Arrancou num súbito assomo energético que lhe envolveu o corpo como uma espuma branca, subindo pela atmosfera como um foguete, sumindo-se entre as nuvens. Tiago seguiu-o com os olhos até deixar de o ver e mesmo depois, para ter a certeza de que ele se afastava definitivamente. Estava tão irritado que conseguia sentir o sangue a bombear pelas veias e a aquecê-lo por dentro. Mais um pouco e também ele seria capaz de gerar faíscas...

- É enervante, mas leal e com princípios de ferro – disse Goku a sorrir. – Com o tempo, poderás começar a gostar dele.

- Não acredito – respondeu Tiago. – Acho que o vou detestar sempre.

- Ele tem esse efeito nas pessoas.

- O que é isso? – perguntou Tiago a apontar para o objeto redondo que Goku tinha na mão e cujo mostrador continuava a piscar e a apitar.

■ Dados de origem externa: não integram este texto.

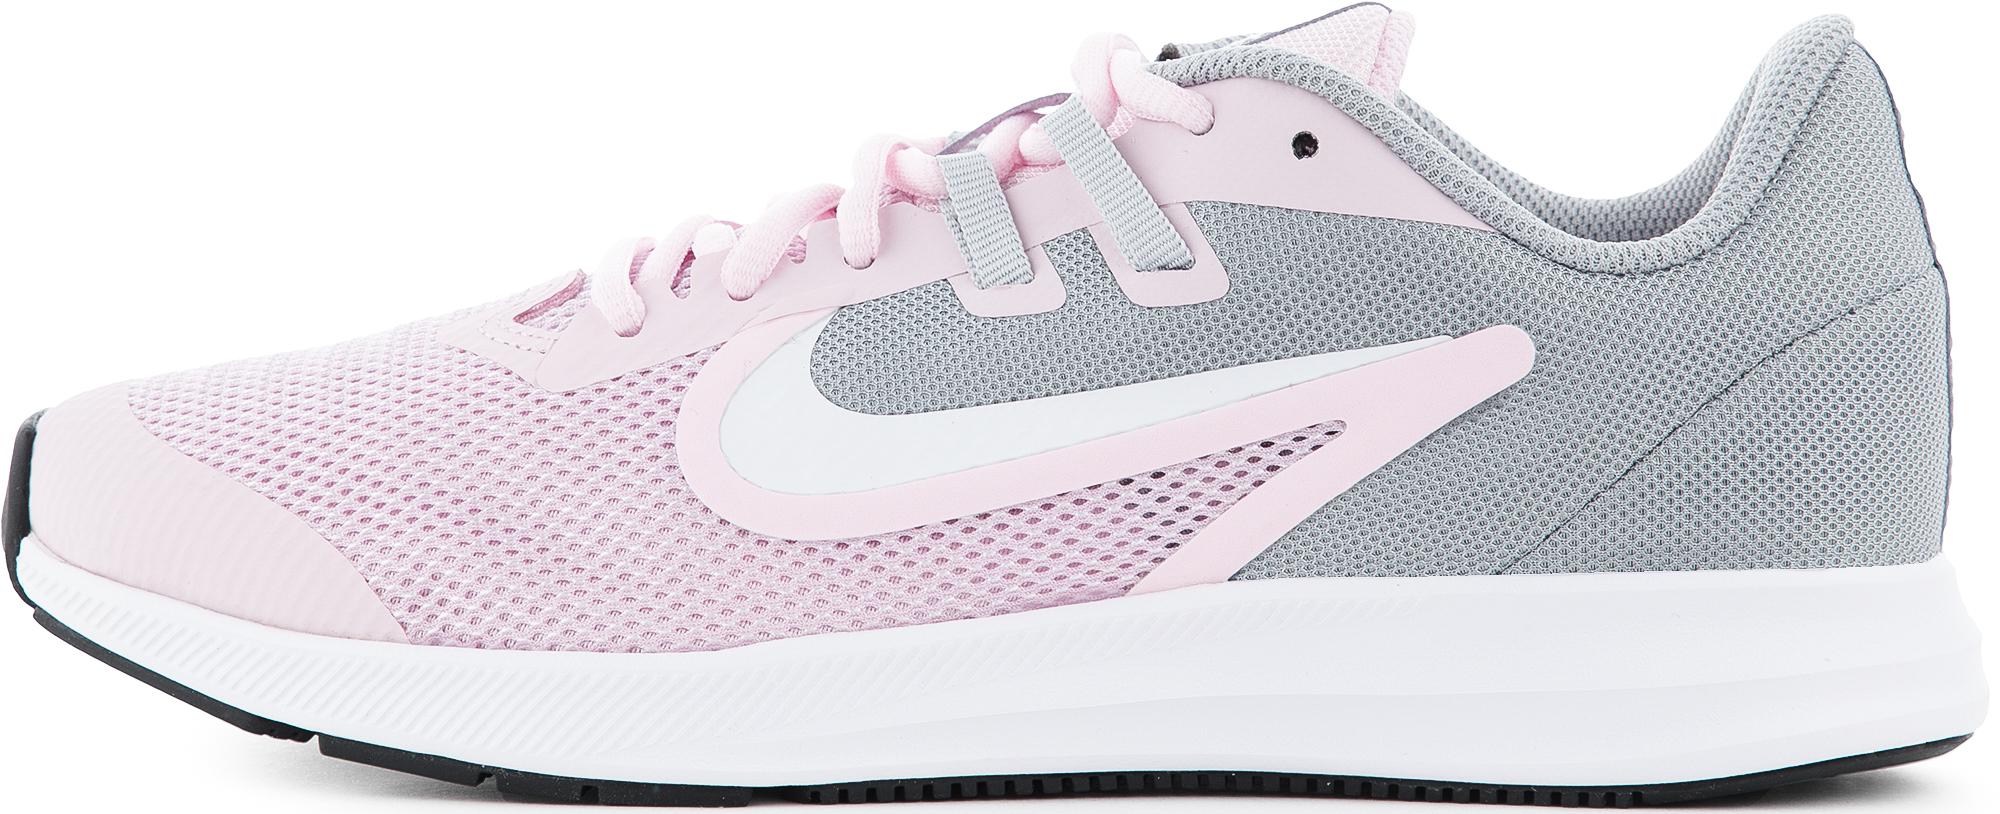 Nike Кроссовки для девочек Nike Downshifter 9 (Gs), размер 37,5

- Isto, é o radar do dragão e deteta as bolas do dragão, que vamos procurar.

- Bem, terás de me carregar... não é? – disse Tiago envergonhado.

- Haveremos de perder algum tempo para te ensinar a voar.

- Eu nunca...

- Ah! Não digas isso! – riu-se Goku, desligando o radar, guardando-o dentro da roupa. Apontou para o céu atrás de si. – Tu és neto dele!

- Não me lembres disso.

- É uma honra, Tiago-kun. És o herdeiro do príncipe dos saiyajin.

- Que nem voar sabe... E para ele, é uma vergonha que eu seja o seu herdeiro.

- Deixa-o acostumar-se à ideia de ter um herdeiro de outra dimensão.

- Pior que uma atração de feira.

- Sobe.

Para Goku era tudo tão fácil e natural. Tiago encavalitou-se nas costas dele e, bem agarrado aos seus ombros, sentiu o solavanco inicial e, quando abriu os olhos – nem se lembrava de os ter fechado – era companhia dos pássaros e das nuvens, do próprio vento que lhe batia na cara gelada.

Claro que sim, haveria de conseguir voar, de se transformar num super saiyajin, de combater com uma técnica de excelência, de ser capaz de honrar essa herança de descender de um príncipe guerreiro.

Haveria de acreditar em tudo aquilo. Espreitou para trás. Já não se via o local onde enterrara Tori-Sama. O aperto no coração deixou-o perturbado. Escondeu a cabeça atrás dos cabelos de Goku, reprimindo, mais uma vez, as estúpidas lágrimas. Que belo início: a chorar! Se calhar, como gizara, ainda estaria no Japão, morrendo de frio e a delirar... Mas iria apostar naquele delírio como a última oportunidade para serenar o seu espírito que sempre clamara por aquelas respostas.

Sobretudo, haveria de perceber quem era ele, na verdade. Estava no local onde a sua mãe estivera e, de acordo com as palavras de Vegeta, não pudera ficar e viera-se embora, há quinze anos. Antes, portanto, de ele ter nascido. Batia tudo certo.